You need to walk away and clear your head. You will in all likelihood lose both men, but it's a loss that will happen sooner or later anyway, given the current situation.

 

Let them go, and be honest with them both about why.

 

Good luck.

Posted

You don't even have the stones to tell your friend you're already in a relationship whenever she tries to set you up with someone? Seems like you really like drama.

 

I don't know what to tell you--either way you choose, you'll end up lamenting the one who got away.

Posted

So, break up with current BF (assuming he prefers monogamous relationships), call Javier and tell him you'll be visiting him for a week, say a week from now. I'm sure he'll be thrilled. It's always great to see a friend one gets on with so well, has great sex with, and who shares an elemental connection. One night's sleep on a plane and you'll be together.
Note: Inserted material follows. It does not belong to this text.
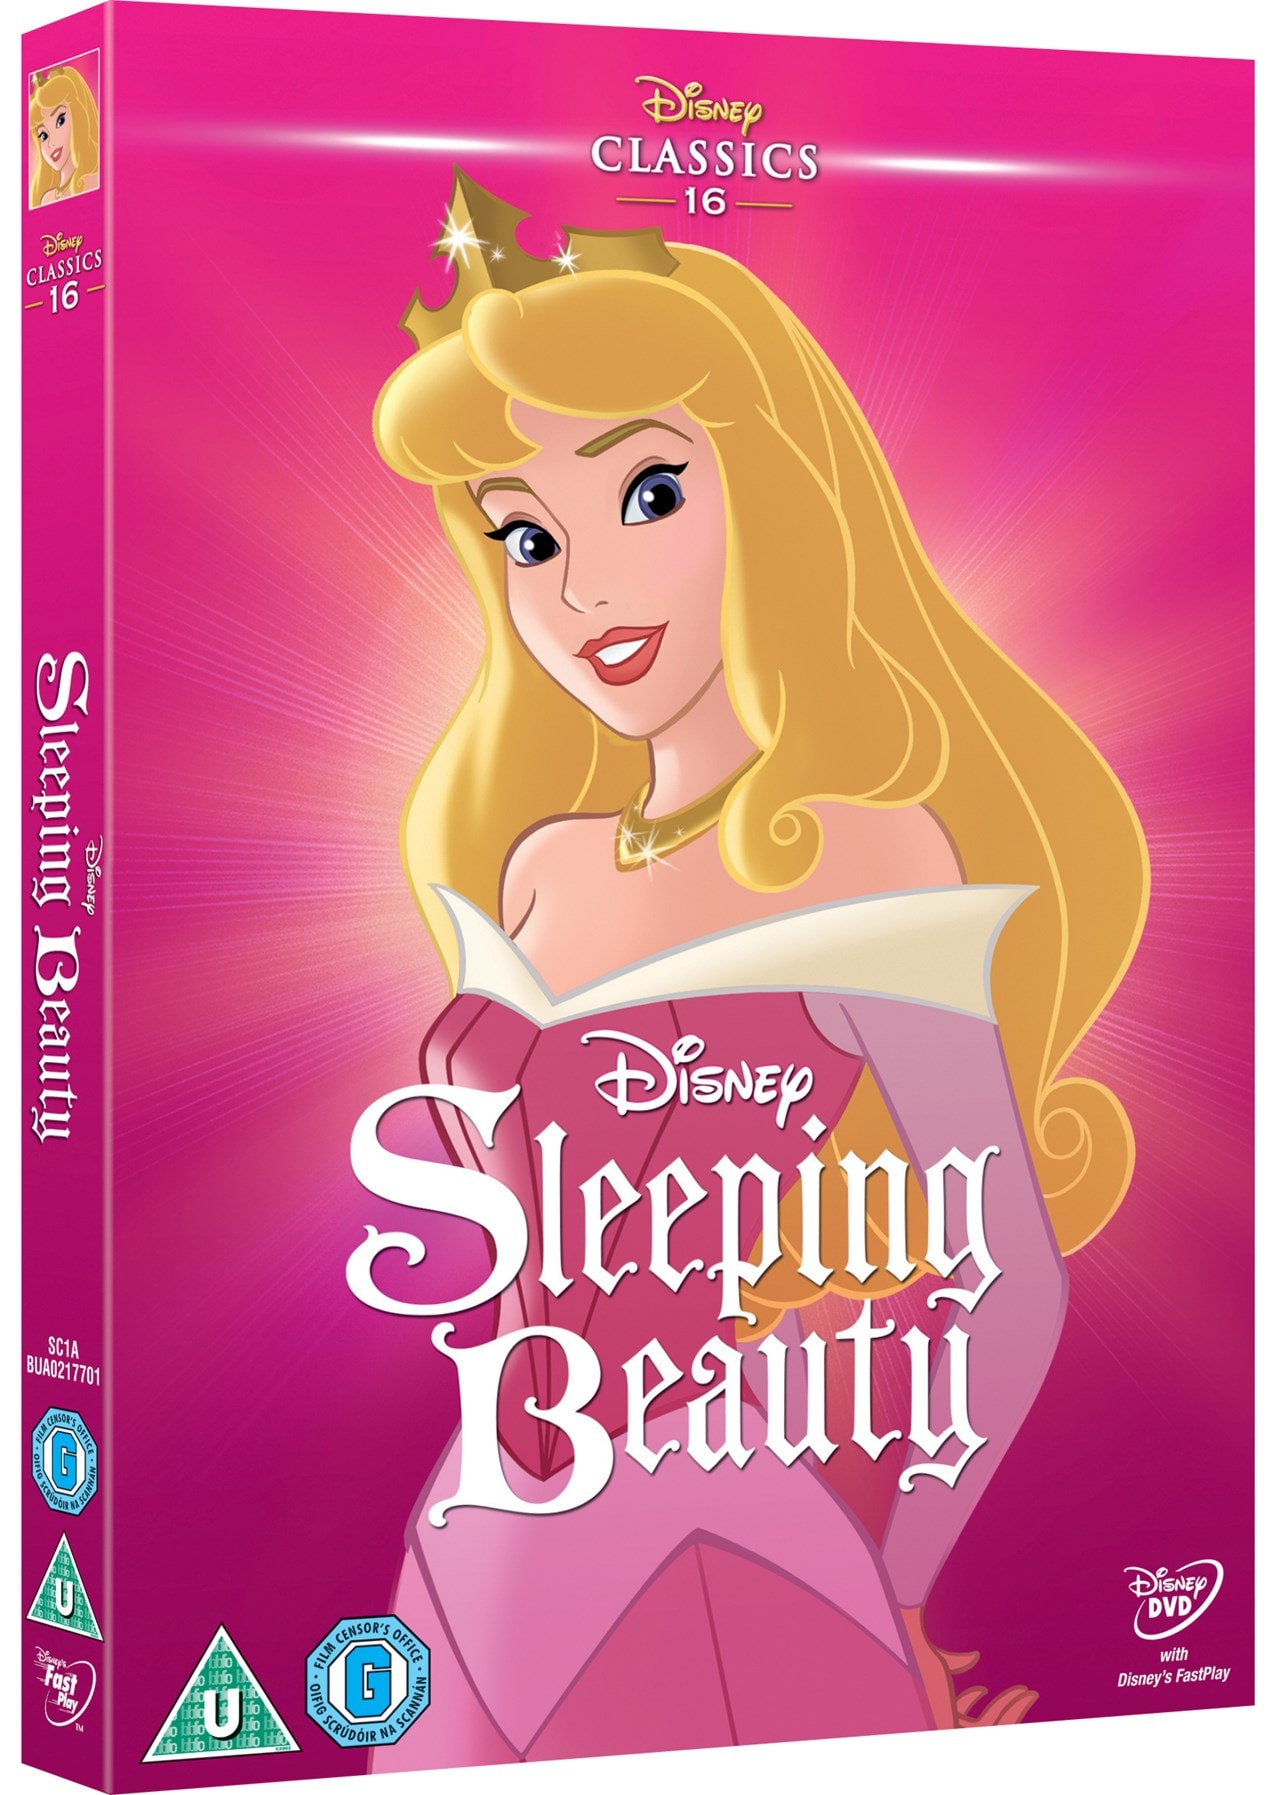 Sleeping Beauty Disney Dvd Free Shipping Over £20 Hmv Store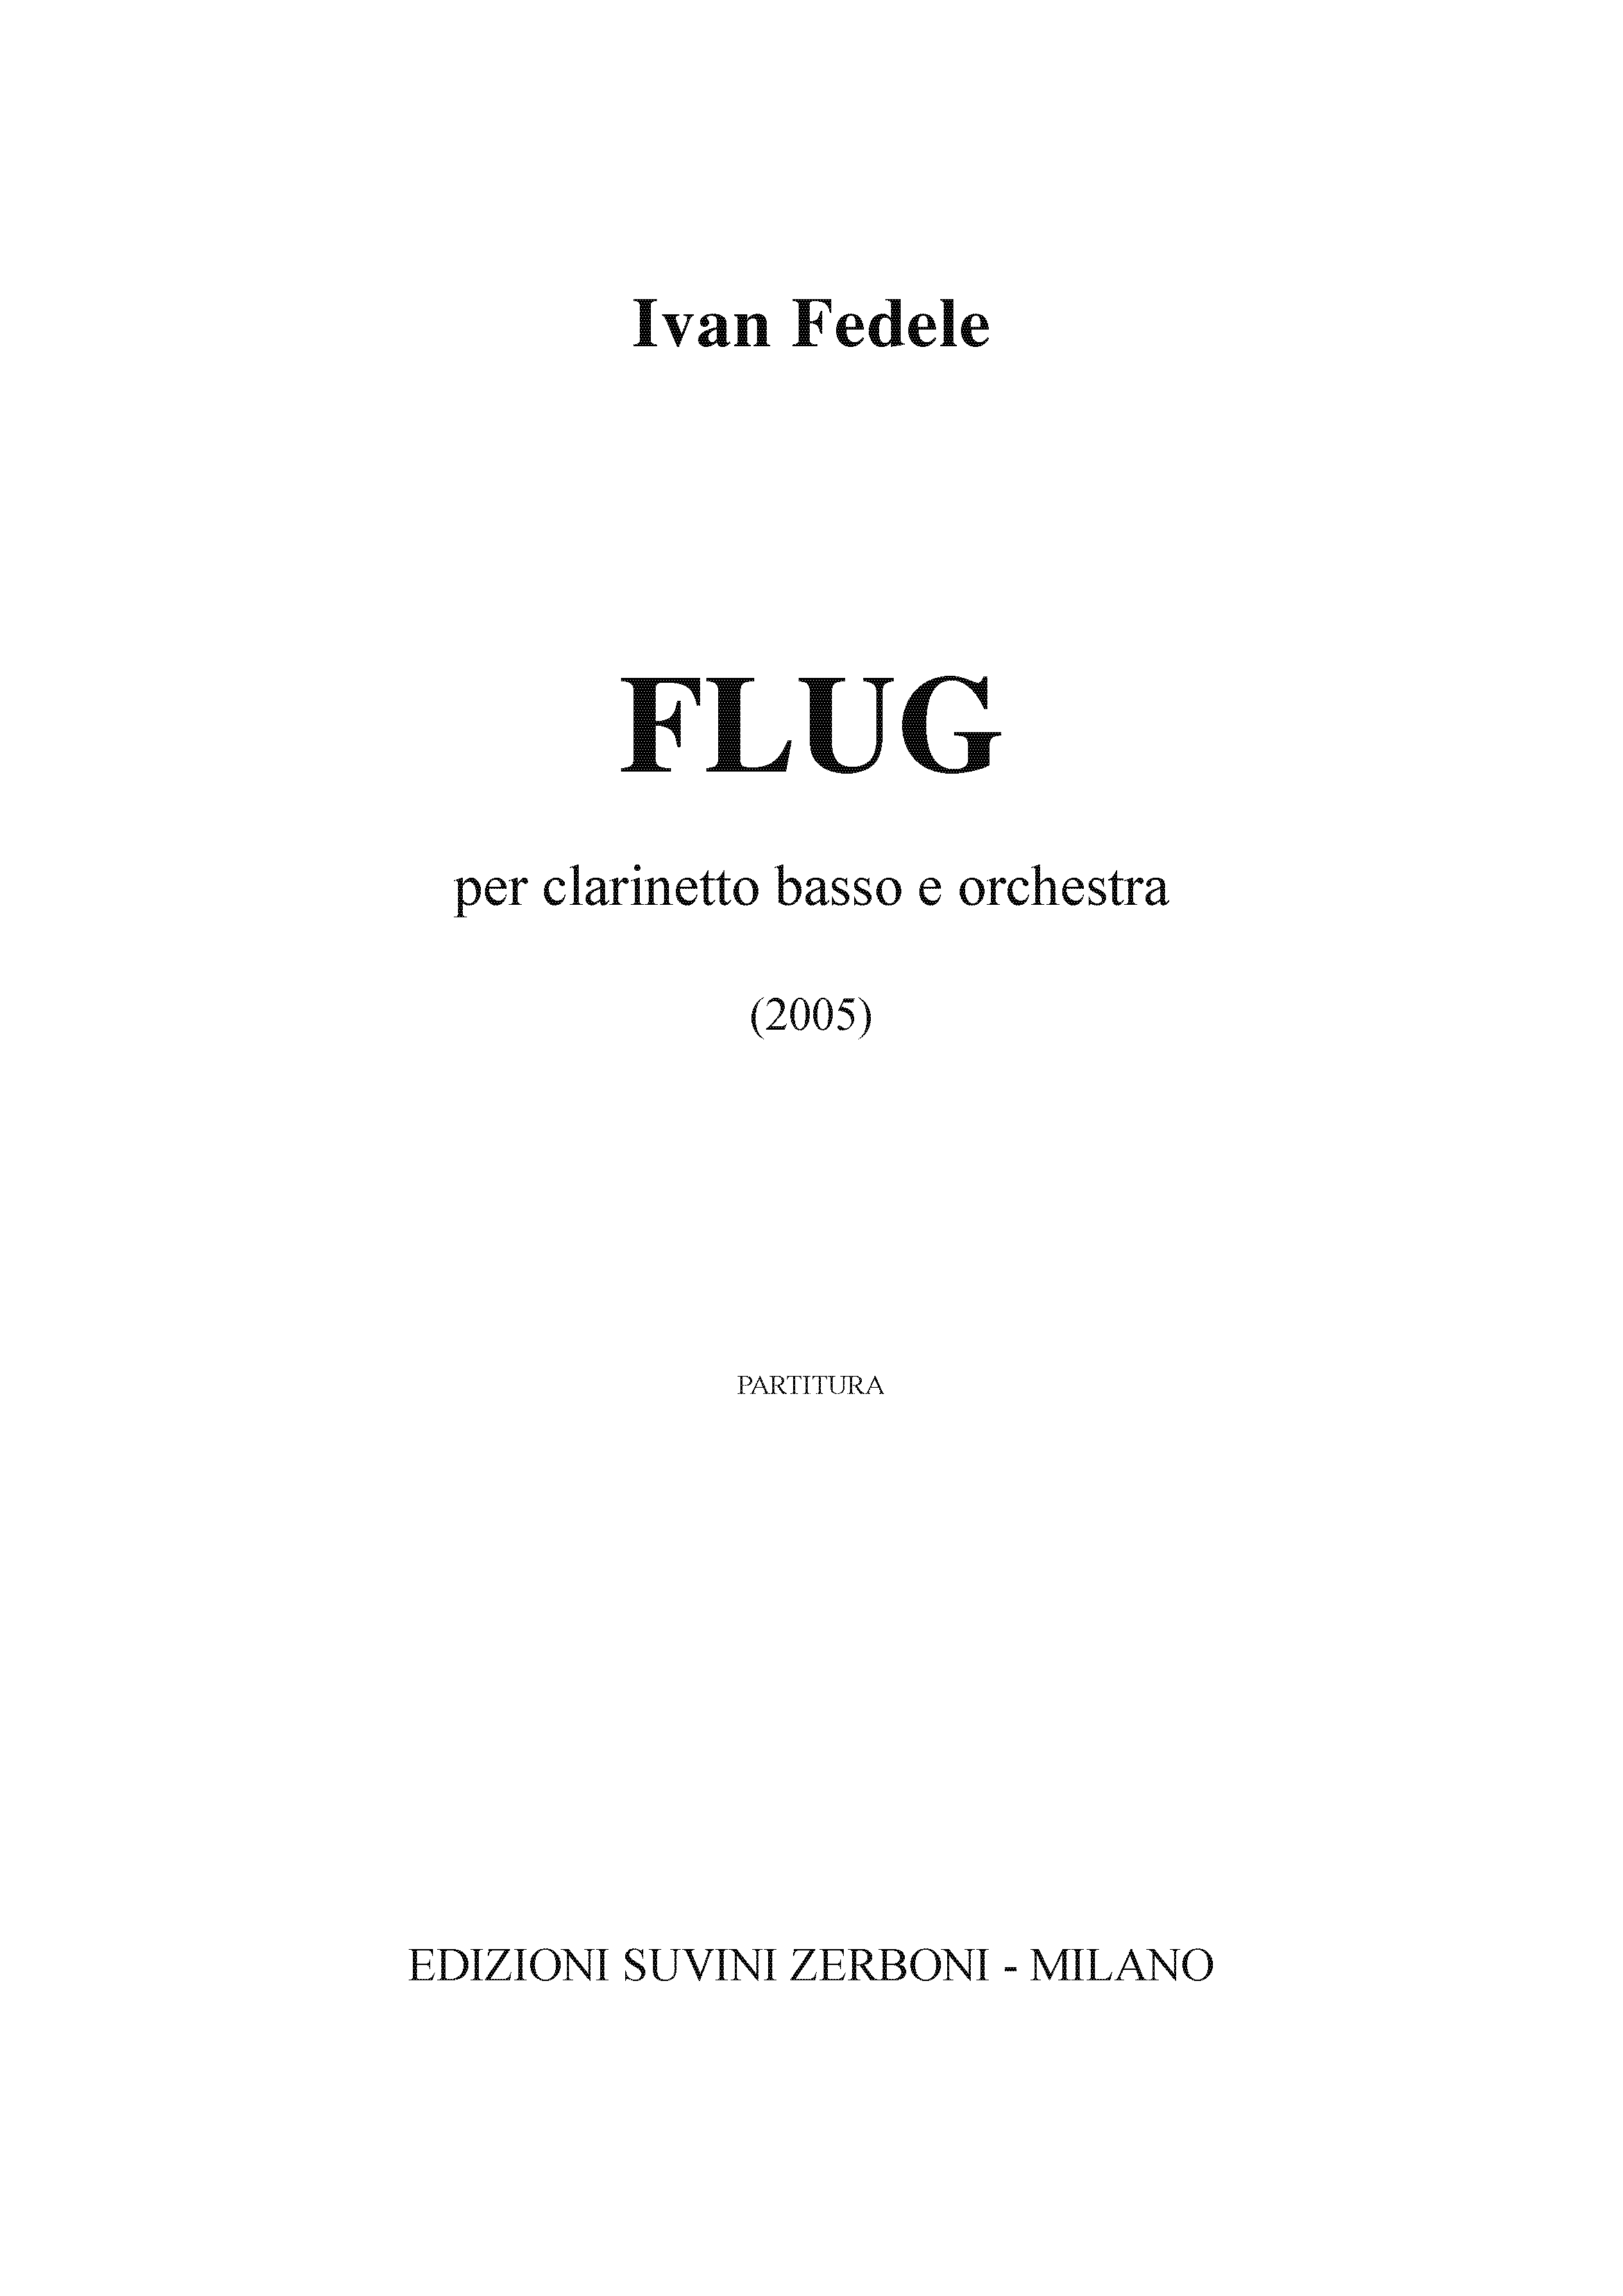 Flug_Fedele 1

It's really as simple as that.

Posted

Seriously, I would expect a serious girlfriend to be strong enough to do her part to cherish our relationship on her end. You didn't do that, and it's not clear you are strong enough to do that for either guy.

Posted

You post that you broke things off with J, he moved two weeks later, then your GF fixed you up with BF under the pretense that you were single. Were you or were you not single when you started dating BF? This is unclear.

 

You do not mention the status of your relationship with your BF. Since you have made plans to move closer, the presumption would be that you are exclusive. Are you in fact exclusive with your BF or not? If you are exclusive, any contact at all with J is at least disrespectful, and at most cheating.

 

Not going to call you a "drama queen" per se, but you should consider ceasing to evaluate your relationships as men "winning you," or "fighting for you." You are not a damsel in distress in a tower somewhere, but rather a presumably mature career woman. If it is men introducing these kinds of terms and concepts into the relationship, consider correcting them.

 

The tone of your OP suggests that you are enjoying this situation and not particularly distressed, certainly have very little concern for the feelings of the men in question. Nothing in your OP expresses concern for their feelings, you instead focus wholly on what each of them does for you and your concerns that you will lose both. Perhaps do some thinking and reflecting on your level of empathy for these two men.

 

You did your BF a tremendous disservice in not telling him from the very start that you had just left a relationship. This bodes poorly for your future with him.

 

Finally, I disagree strongly with TaraMaiden's advice. Based on what you type, neither of these men are of a disposition to have a non monogamous relationship with you, and you will lose both if you attempt to set something like that up, especially in light of your initial dishonesty with your BF about J.

 

Before you even approach the point of spending your life with either of these guys, IMO you need to get your own house in order, as some of the above leads to disturbing conclusions about how you view and handle relationships.